I never knew it was possible for fear to grip every muscle and tendon of your body in one split second. But that’s what it
does as my mind wraps around the fact that while I’ve been blissfully dreaming of being in Greg’s arms, my daughter has not
been in her bed where I thought she was.

“Where are you?”

A sob bursts from her and she begins to babble, slurring her words and I have not a clue what she’s trying to convey, other
than the fact that she’s apparently hammered and in some sort of trouble.

“Ari! Ari, stop crying and talk to me.”

She’s so hysterical, she’s making me hysterical, and that’s not going to do either of us any good.

“Ms. Everett?”

A male voice. Also familiar.

“Who is this? If you’ve hurt my daughter, I’ll…”
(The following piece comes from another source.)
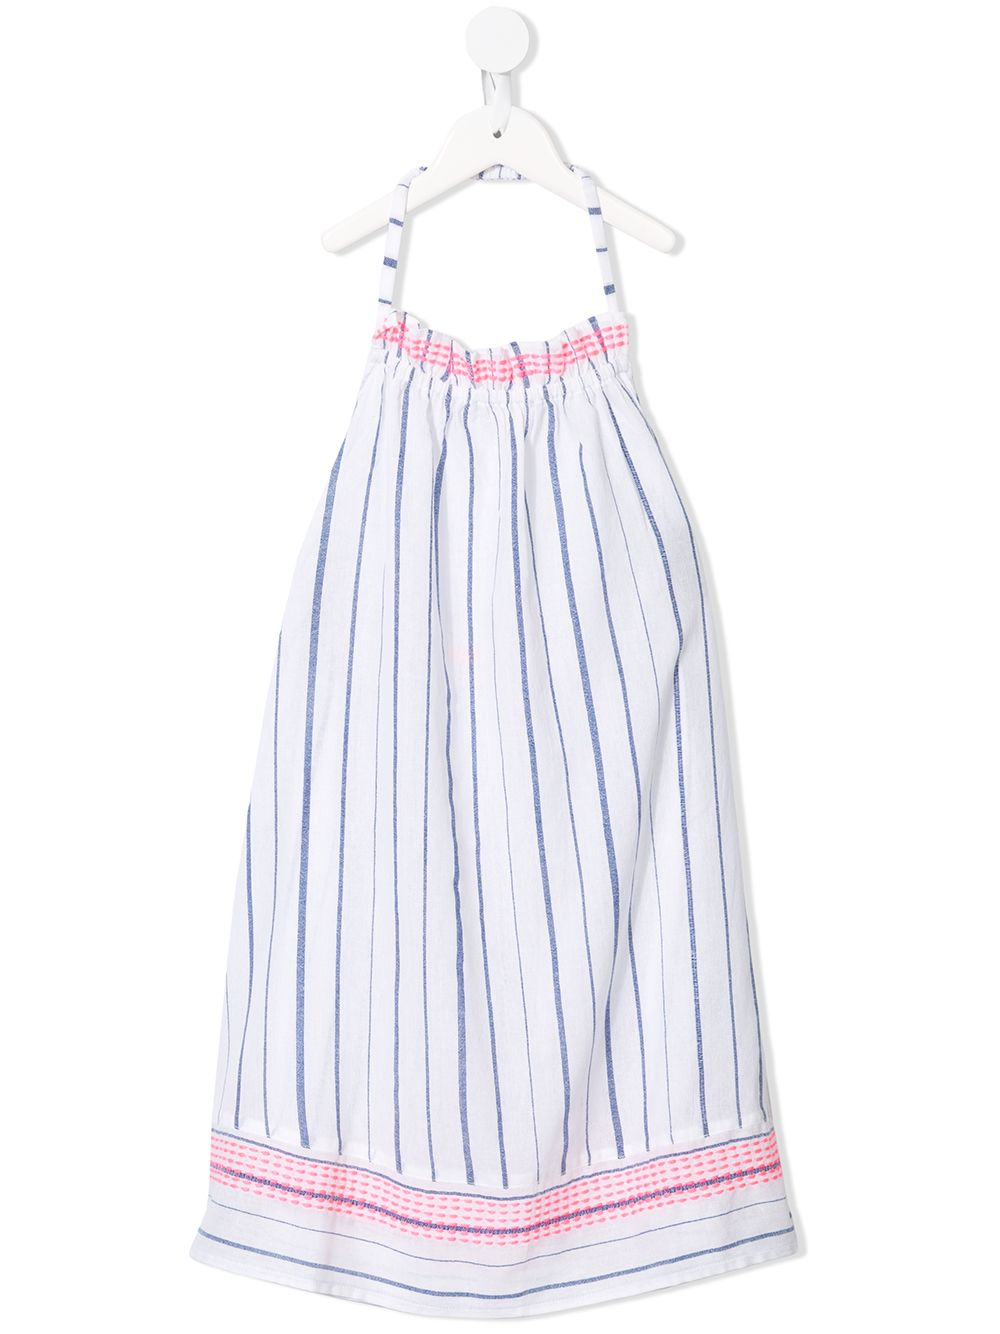 SUNUVA   Sunuva полосатое платье с вырезом халтер   Clouty
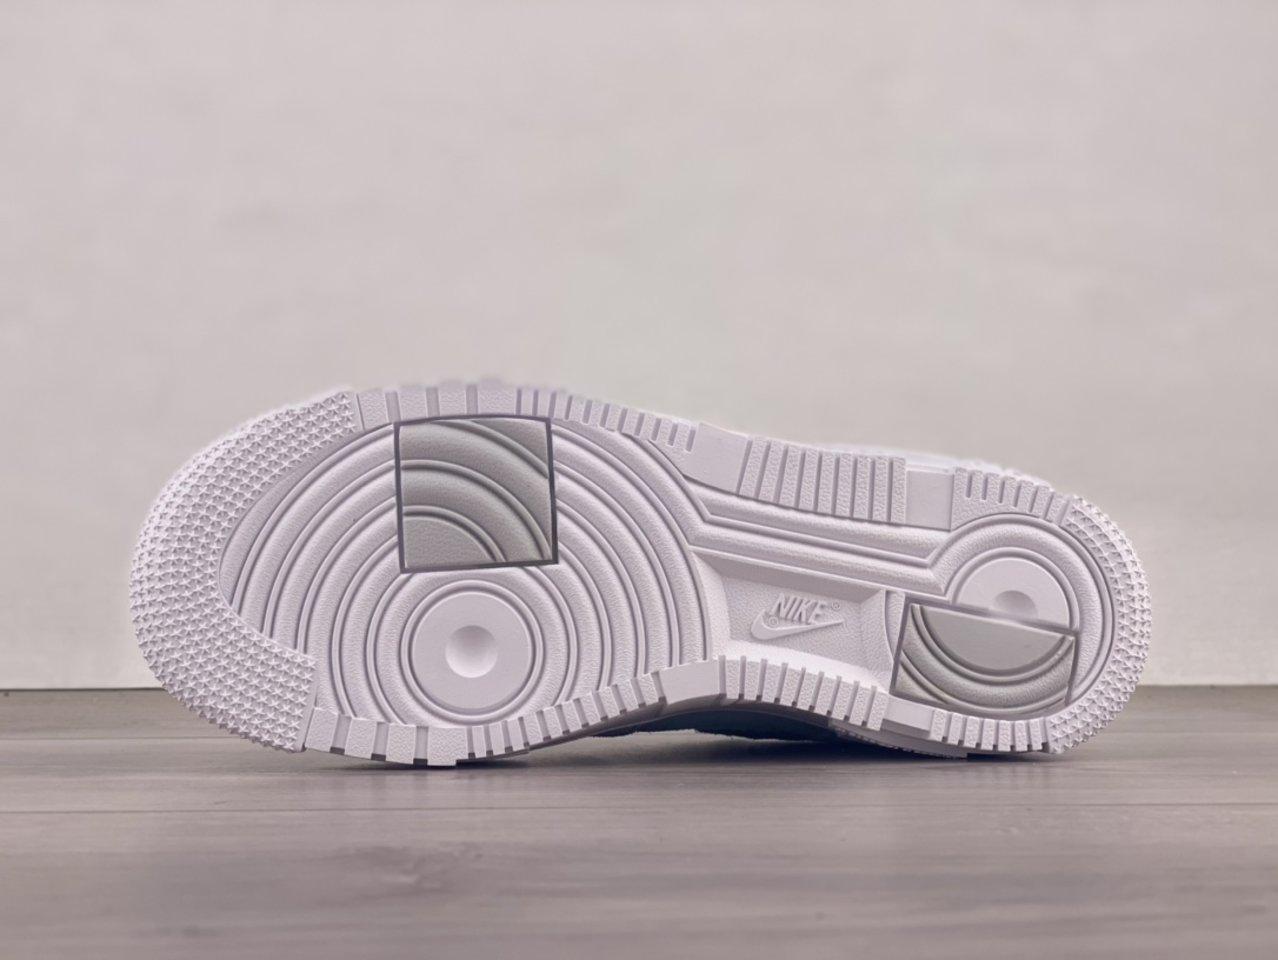 Nike Air Force 1 Pixel Glacier Blue Casual Shoes DH3855-400 Sole

“It’s me, Ms. Everett. Patrick Devine.”

“Paddy? What the heck is going on? Why is my daughter calling me crying in the middle of the night instead of sleeping like
I thought she was?”
And what do you have to do with it, bucko?
But inwardly, I’m relieved to hear she is with Paddy. It doesn’t mean I’m not going to kill them both, but at least I know
she’s safe. “Never mind. Just put her back on the phone.”

“Uh, I can’t.”

“What do you mean you can’t? You’d better do as I say right now.”